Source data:
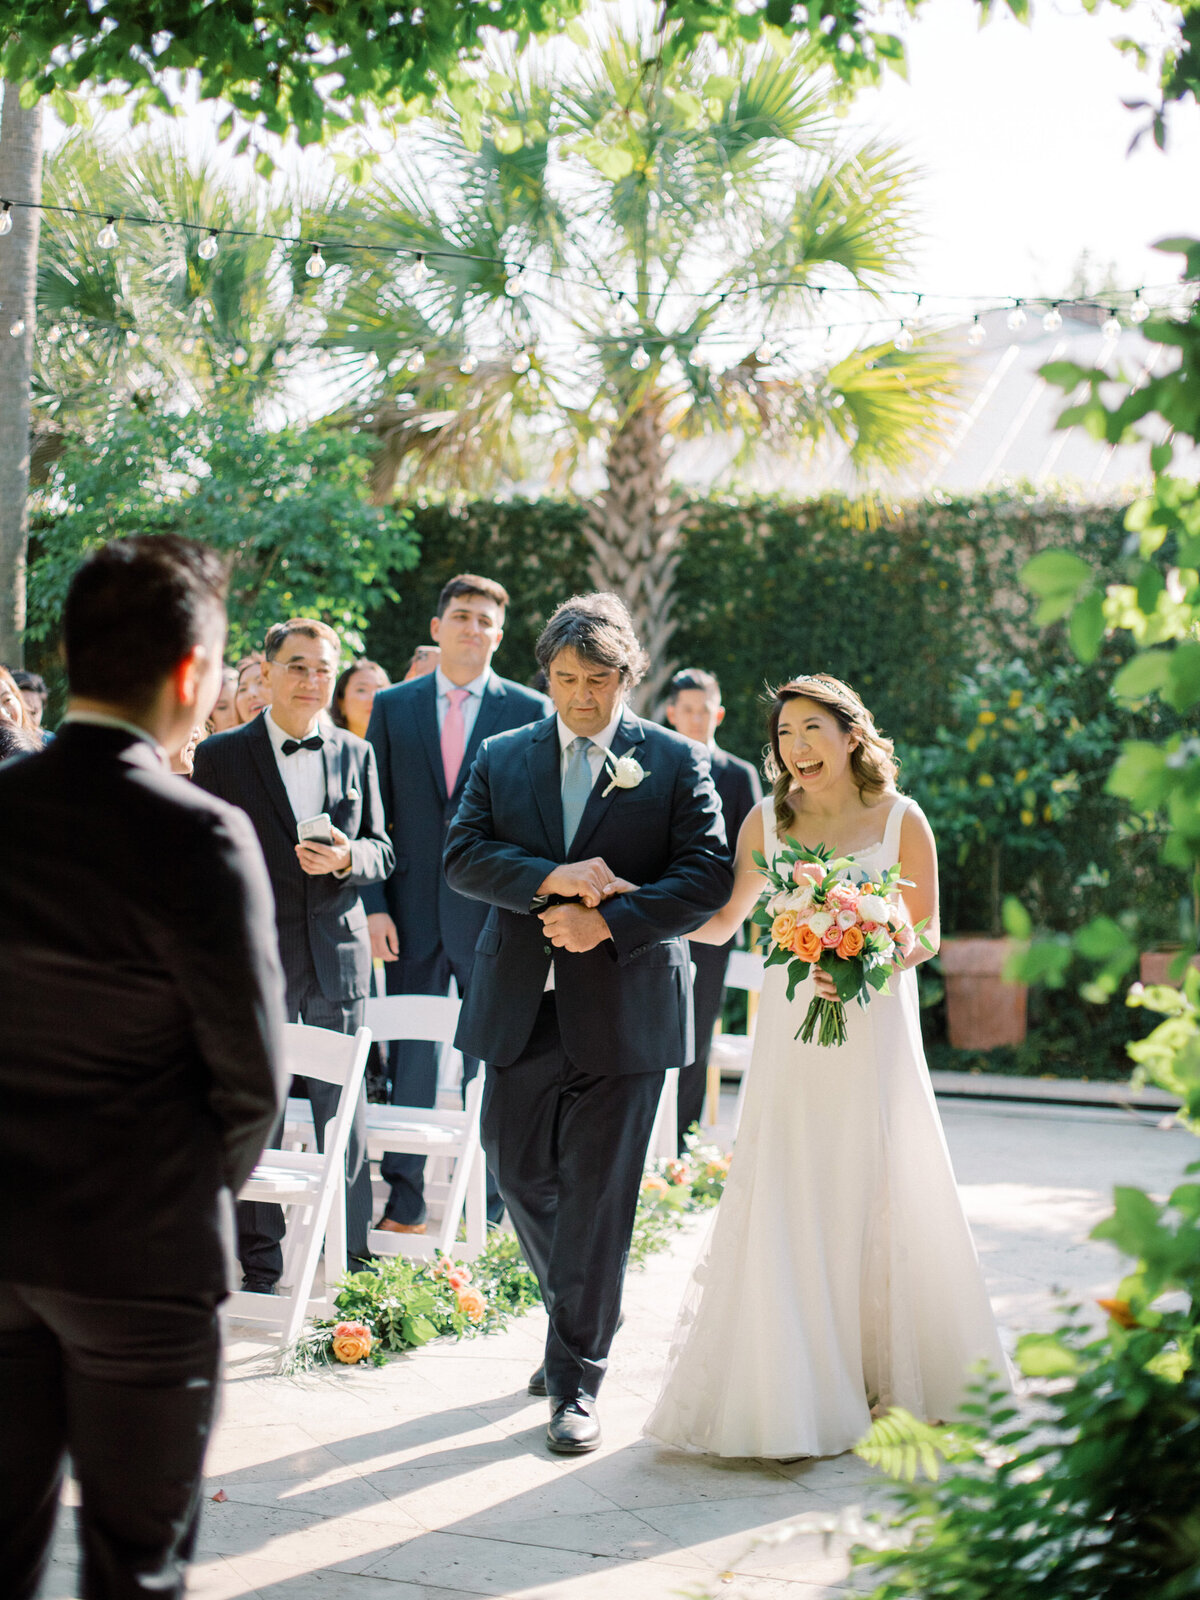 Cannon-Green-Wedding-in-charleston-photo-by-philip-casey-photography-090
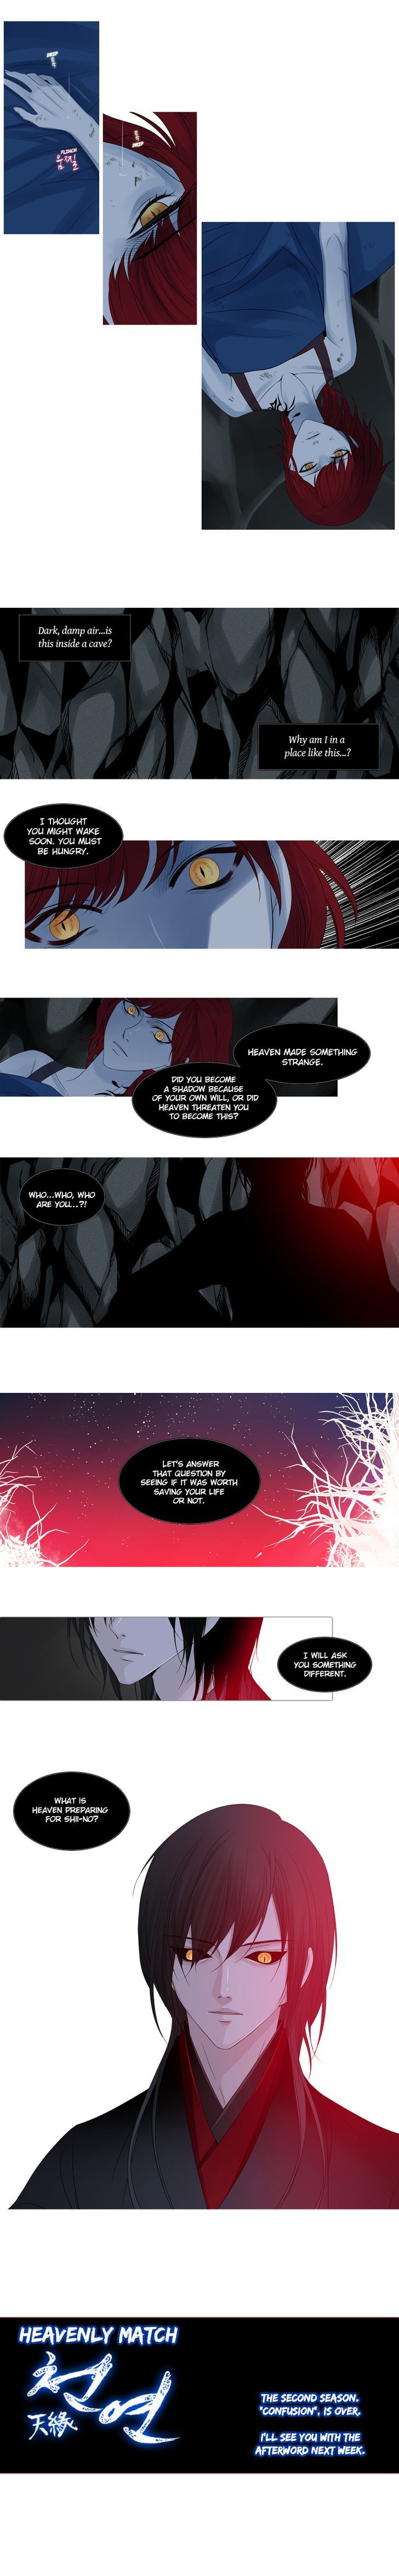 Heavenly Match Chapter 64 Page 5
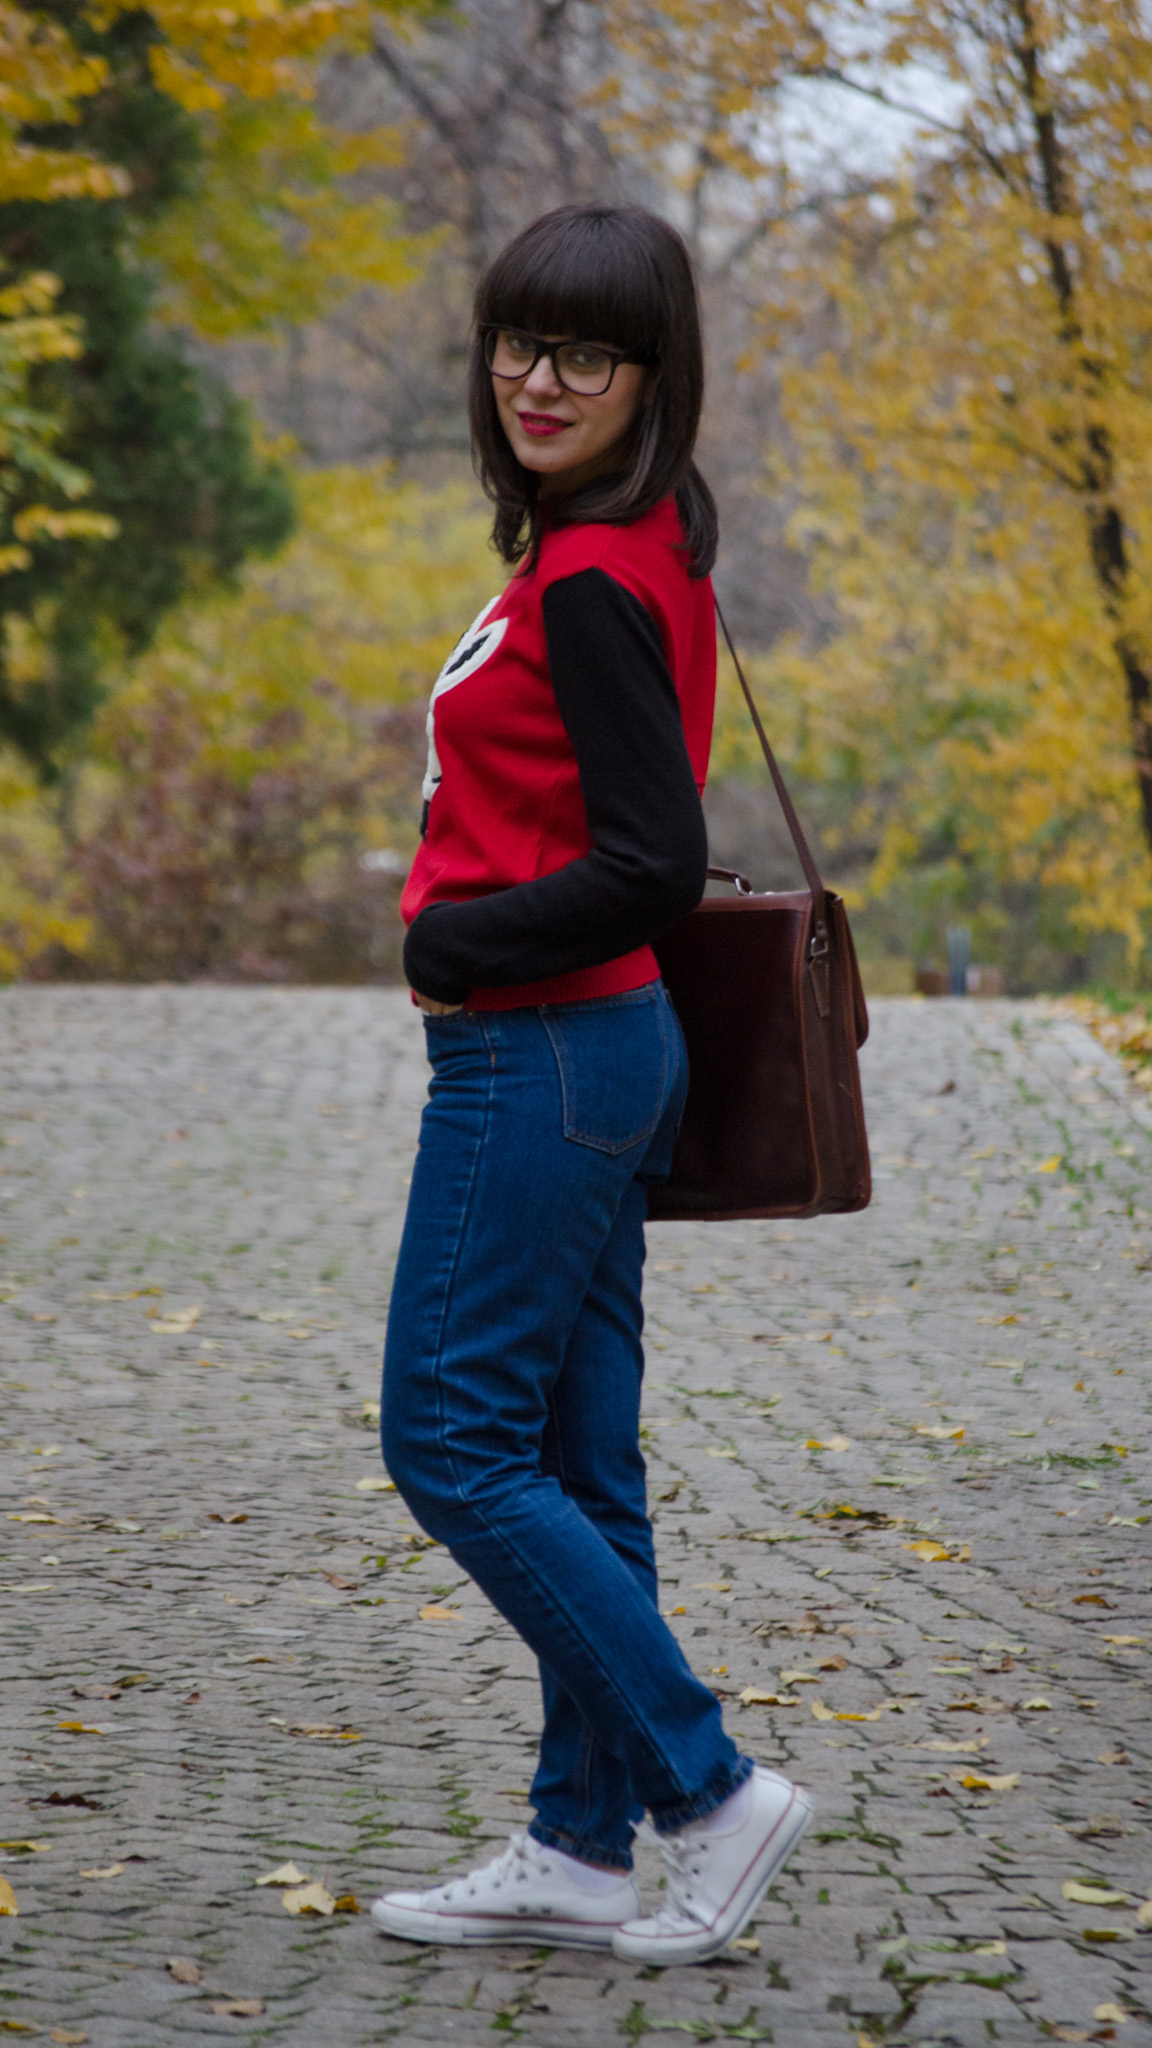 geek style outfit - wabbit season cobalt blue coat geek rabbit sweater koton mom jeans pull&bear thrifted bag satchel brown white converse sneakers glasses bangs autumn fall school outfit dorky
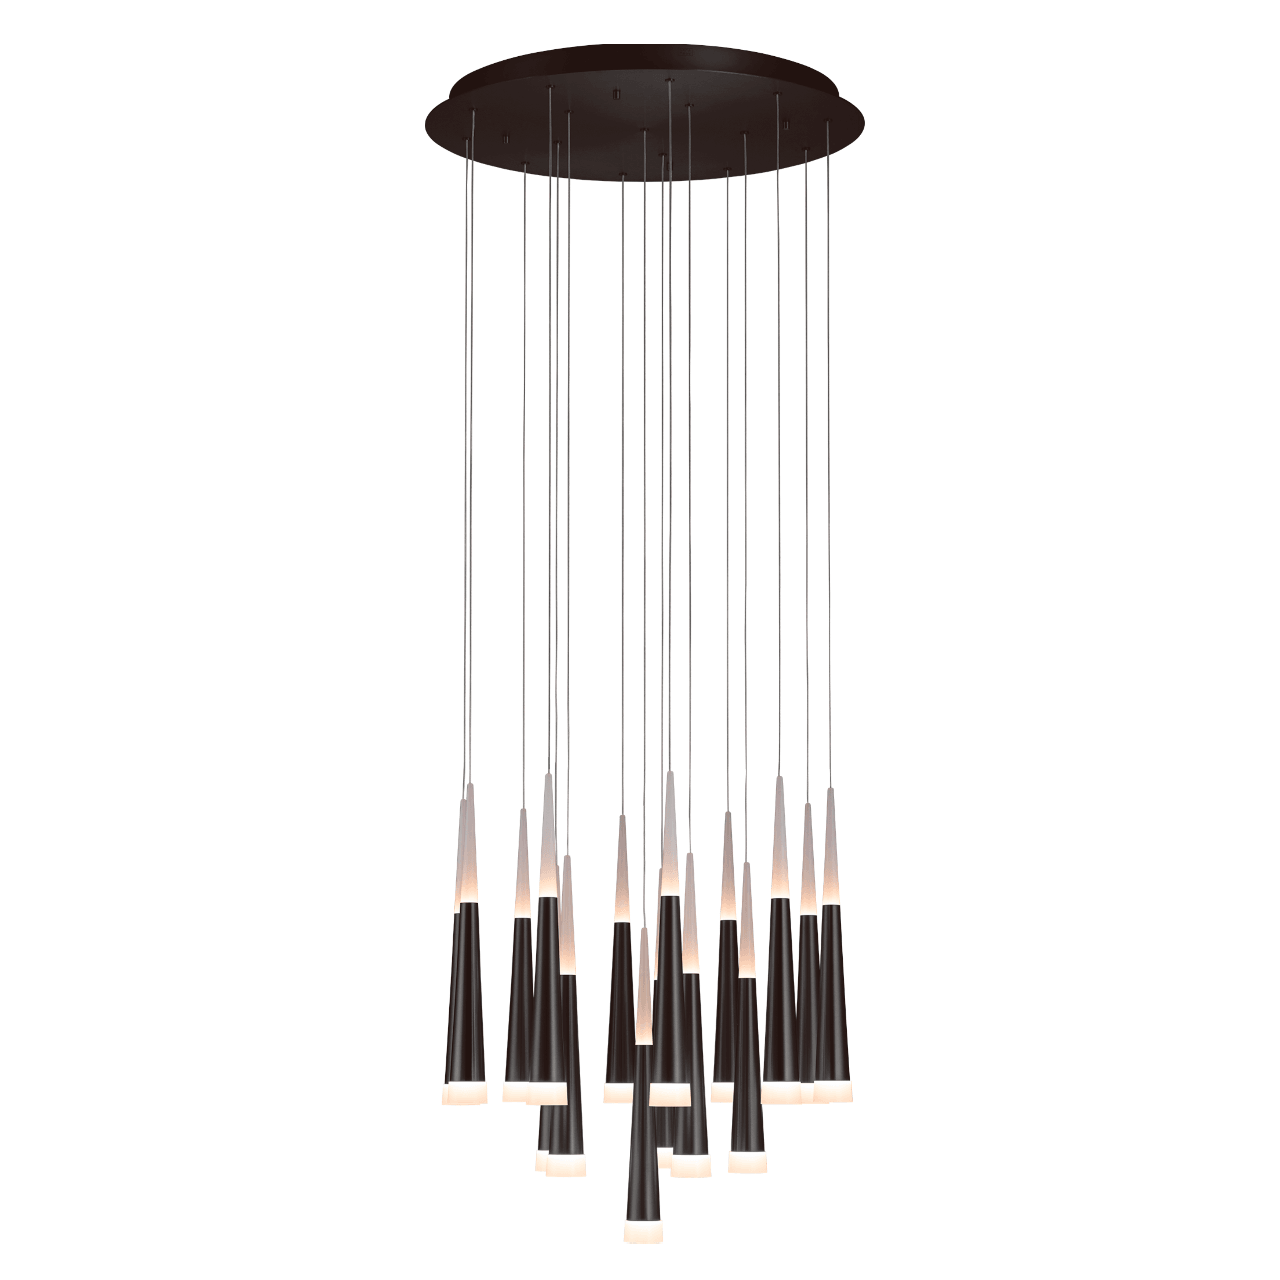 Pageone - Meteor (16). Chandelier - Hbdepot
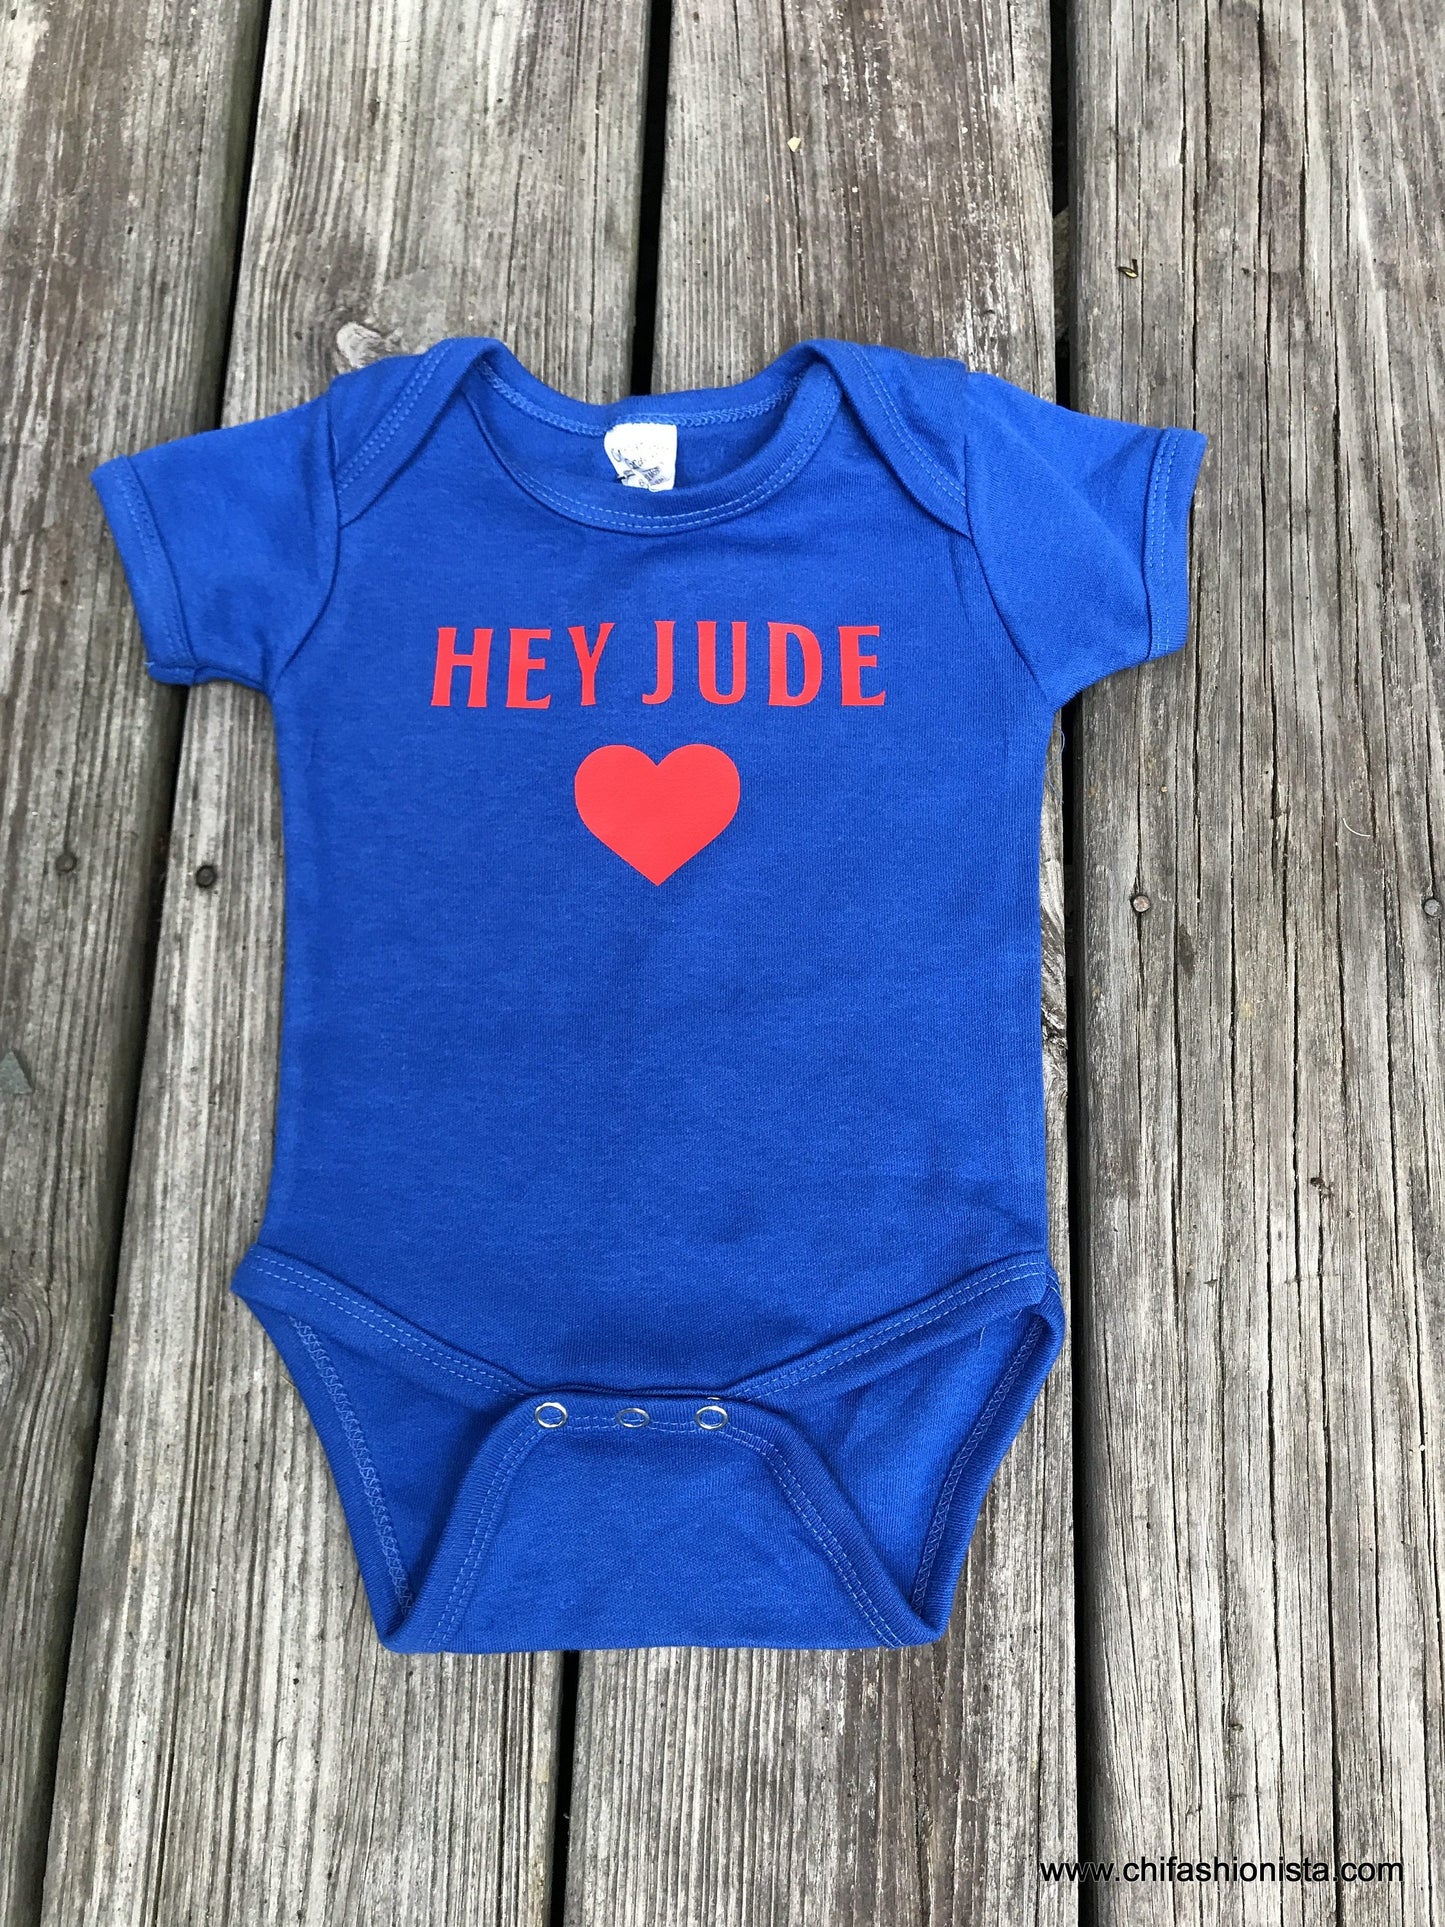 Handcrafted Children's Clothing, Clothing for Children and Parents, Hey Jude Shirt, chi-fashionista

WORK INSTRUCTIONS
Every line above in the stretch from the one with "geek style outfit" through the one with "Pageone - Meteor (16). Chandelier - Hbdepot" is to be transcribed exactly, ends included. No picture is copied.

ANSWER SECTION
 geek style outfit - wabbit season cobalt blue coat geek rabbit sweater koton mom jeans pull&bear thrifted bag satchel brown white converse sneakers glasses bangs autumn fall school outfit dorky
 Pageone - Meteor (16). Chandelier - Hbdepot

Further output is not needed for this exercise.